• **EXERCISE BRIEF**: Exact copy, no pictures: repeat the data that follows.

• **DATASET EXTRACT**:

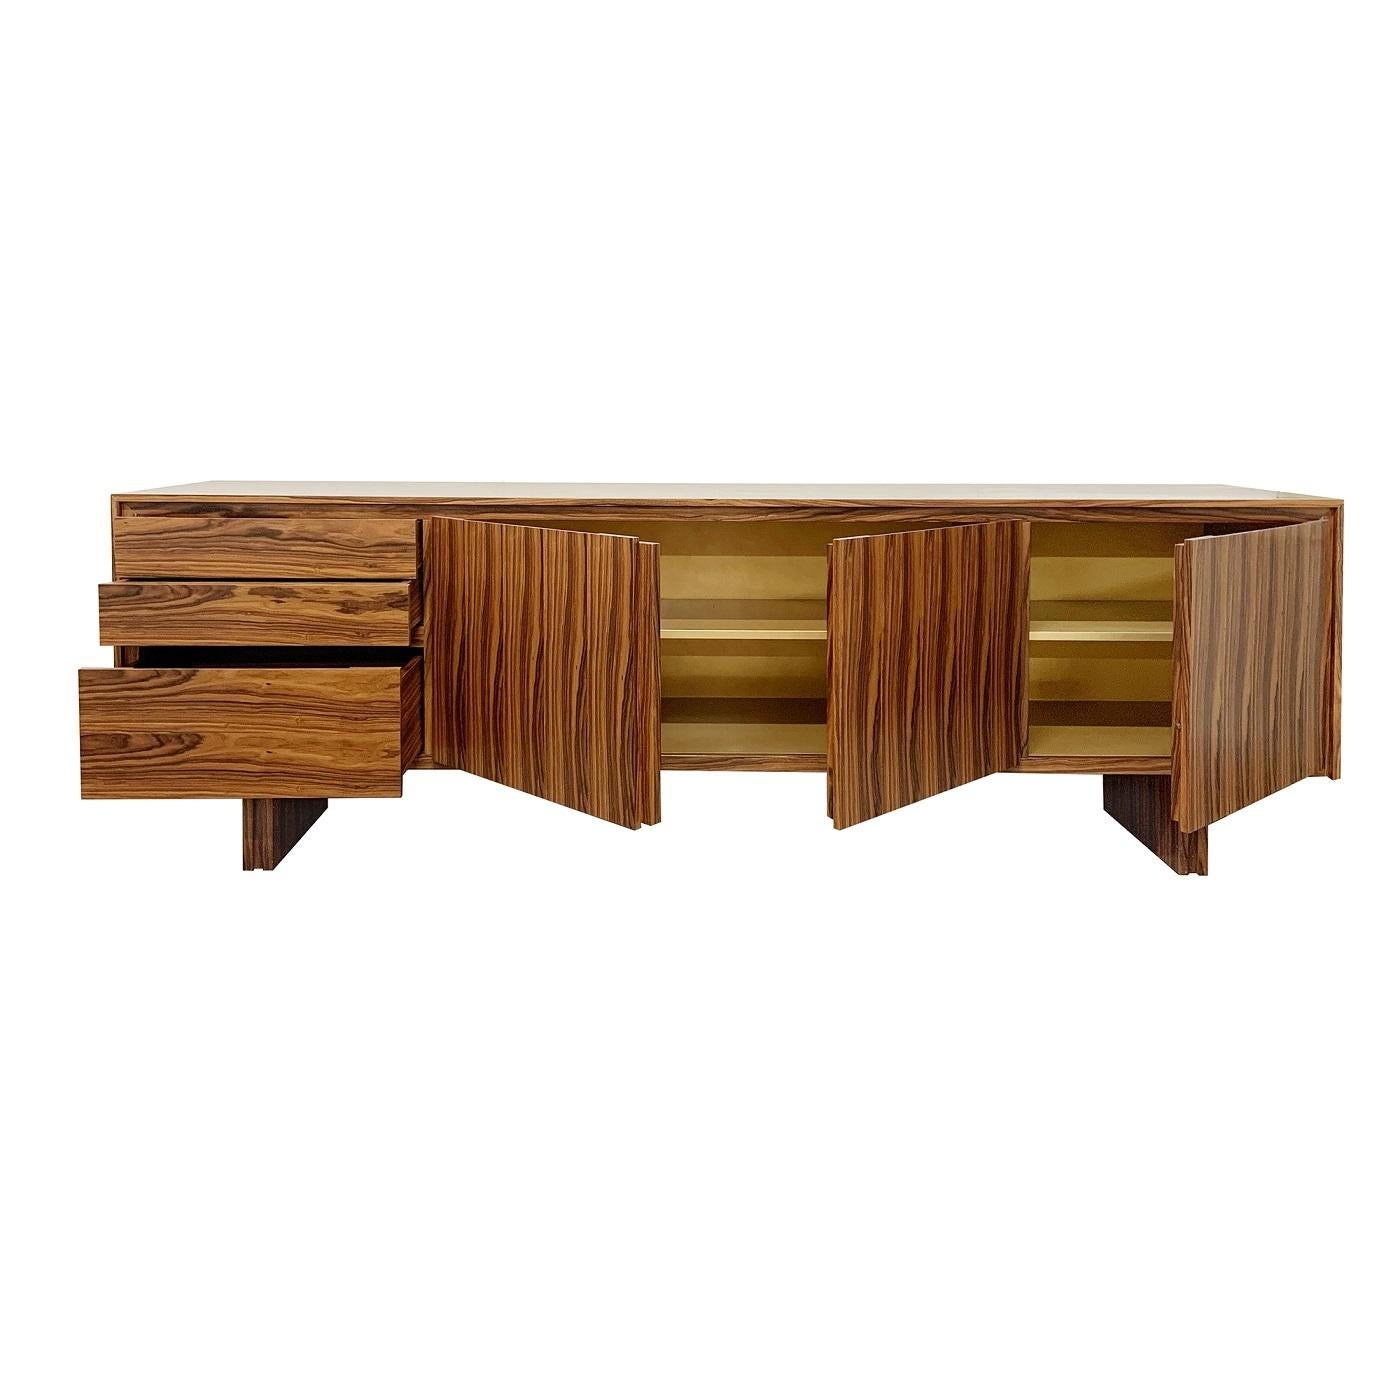 With its rigorous lines and natural wood tones, this exclusive sideboard is a stylish addition to any space. The solid honeycomb wooden frame is veneered in prized rosewood to add a warming and dynamic touch to its contemporary look, while two
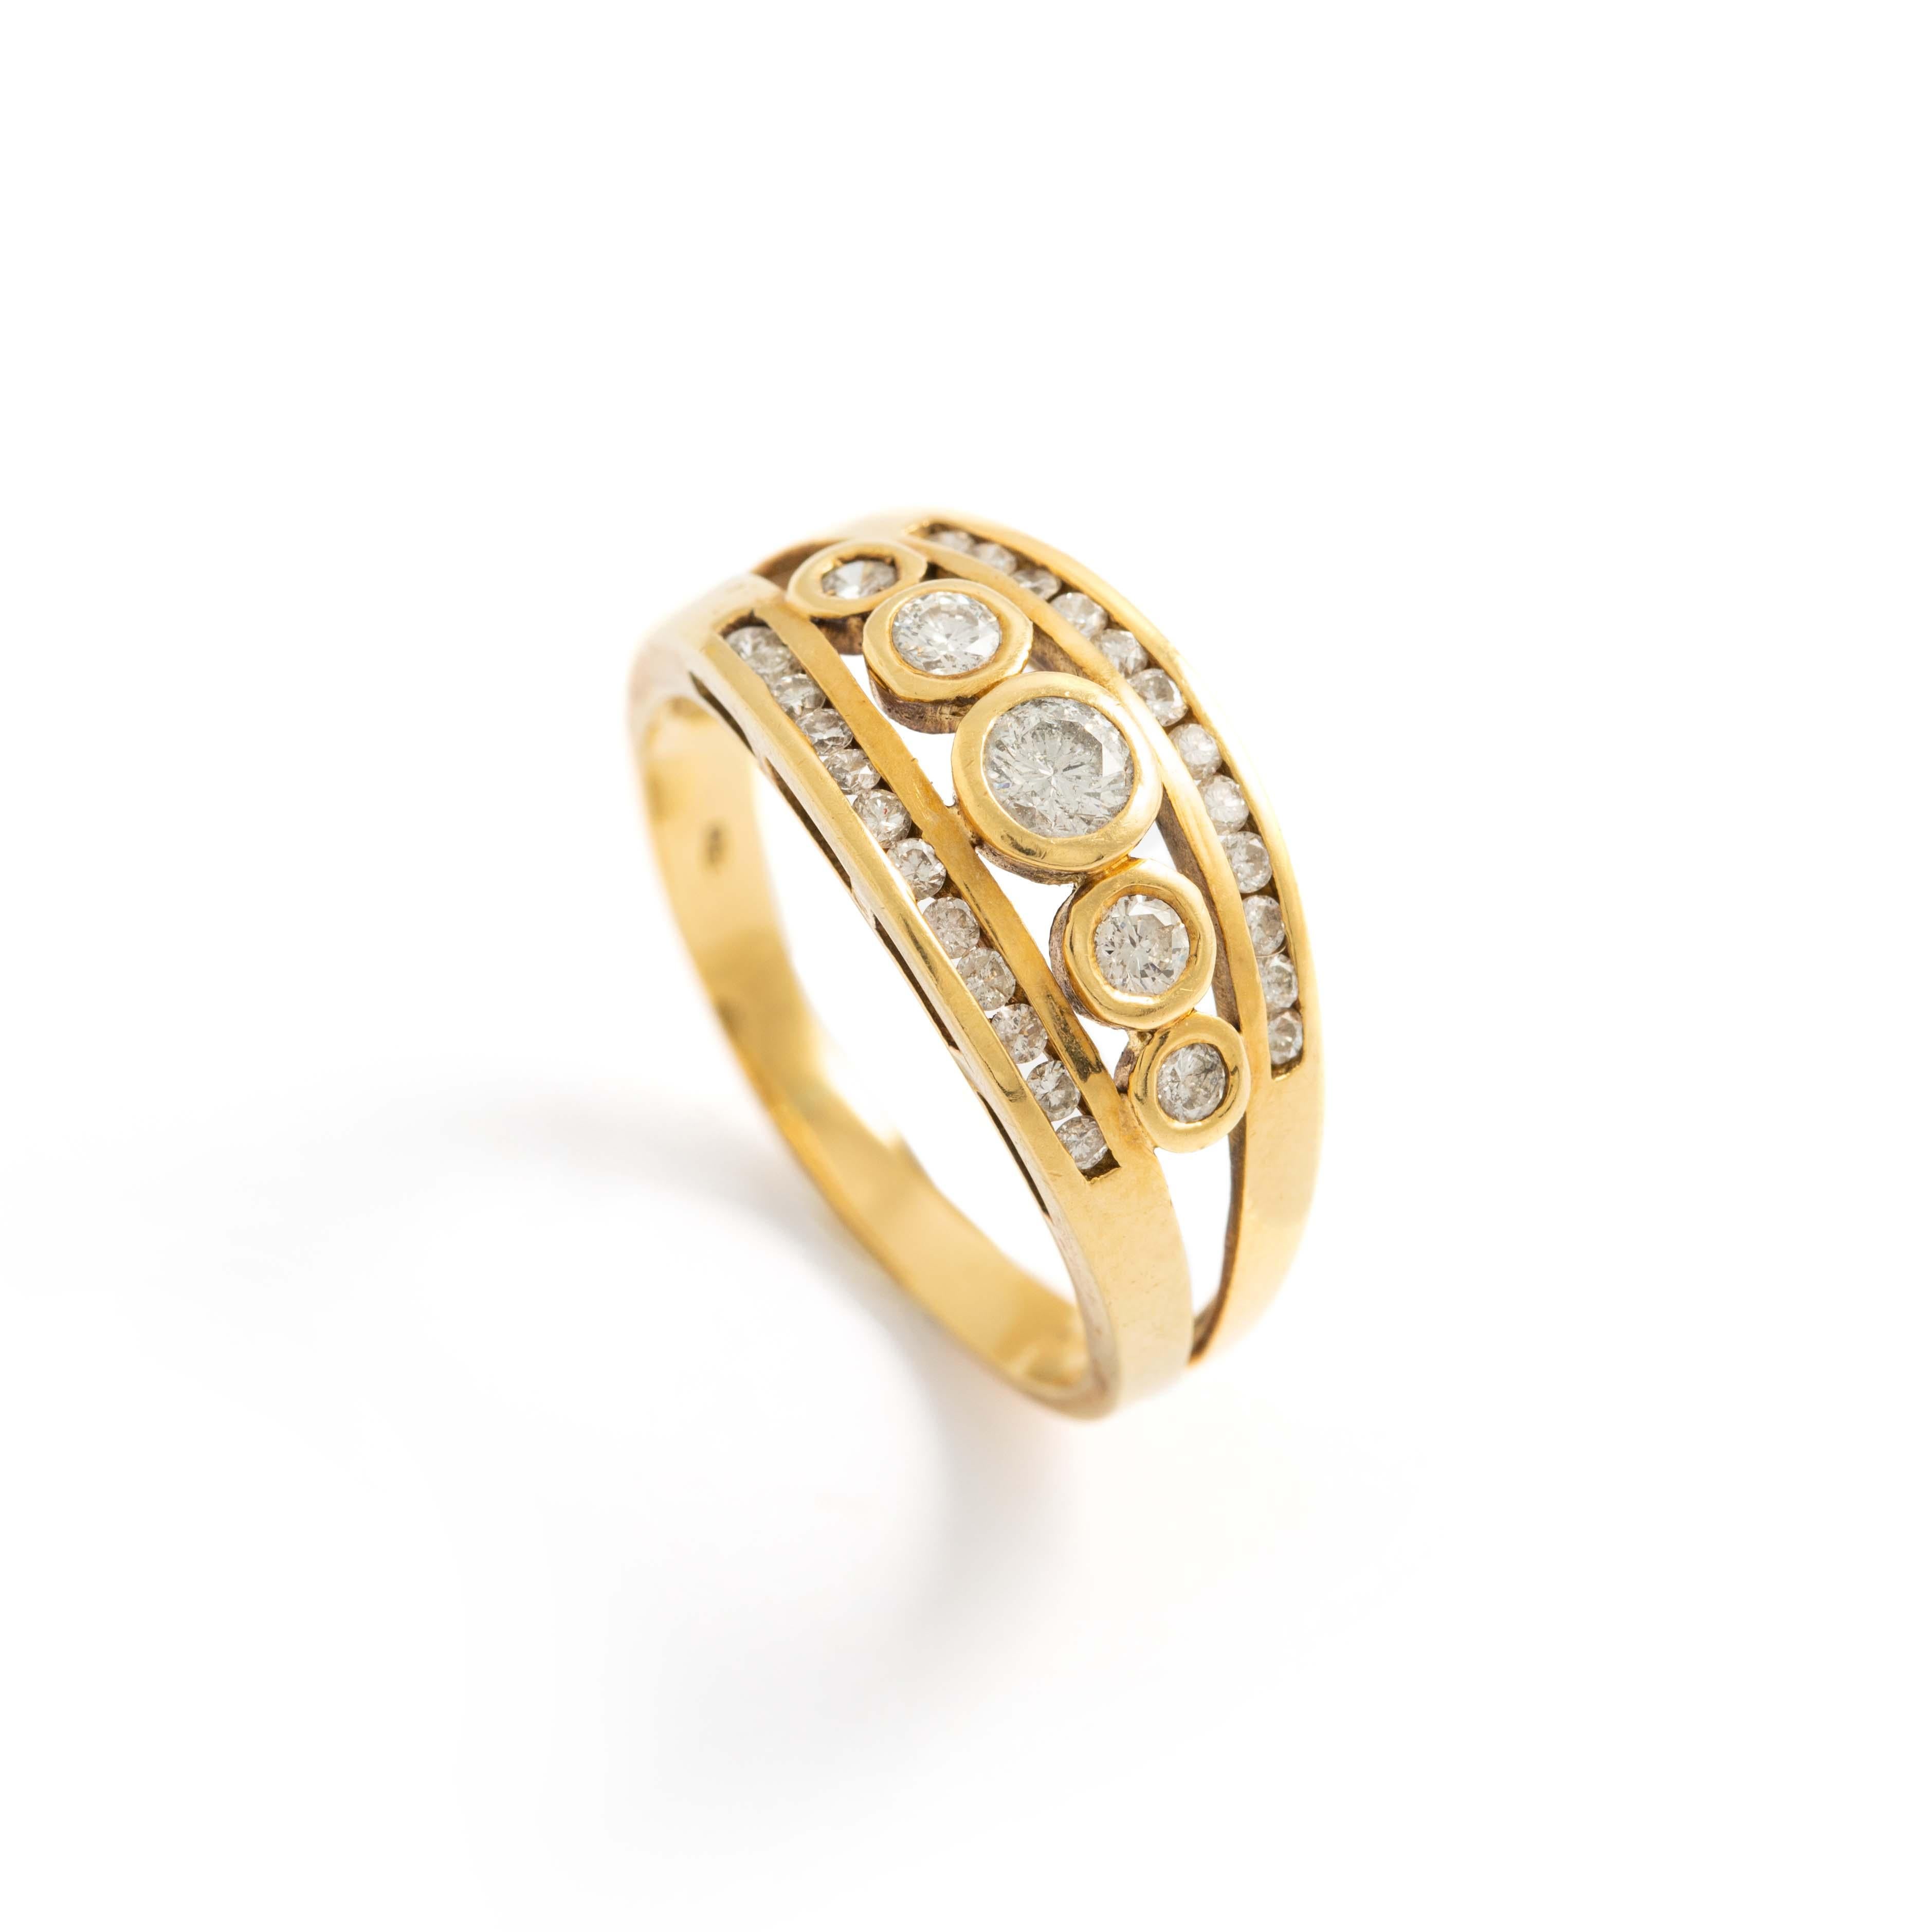 18K yellow gold ring set by round-cut diamonds.
Gross weight: 5.80 grams.

• **YOUR SOLUTION**:
 With its rigorous lines and natural wood tones, this exclusive sideboard is a stylish addition to any space. The solid honeycomb wooden frame is veneered in prized rosewood to add a warming and dynamic touch to its contemporary look, while two
 18K yellow gold ring set by round-cut diamonds.
Gross weight: 5.80 grams.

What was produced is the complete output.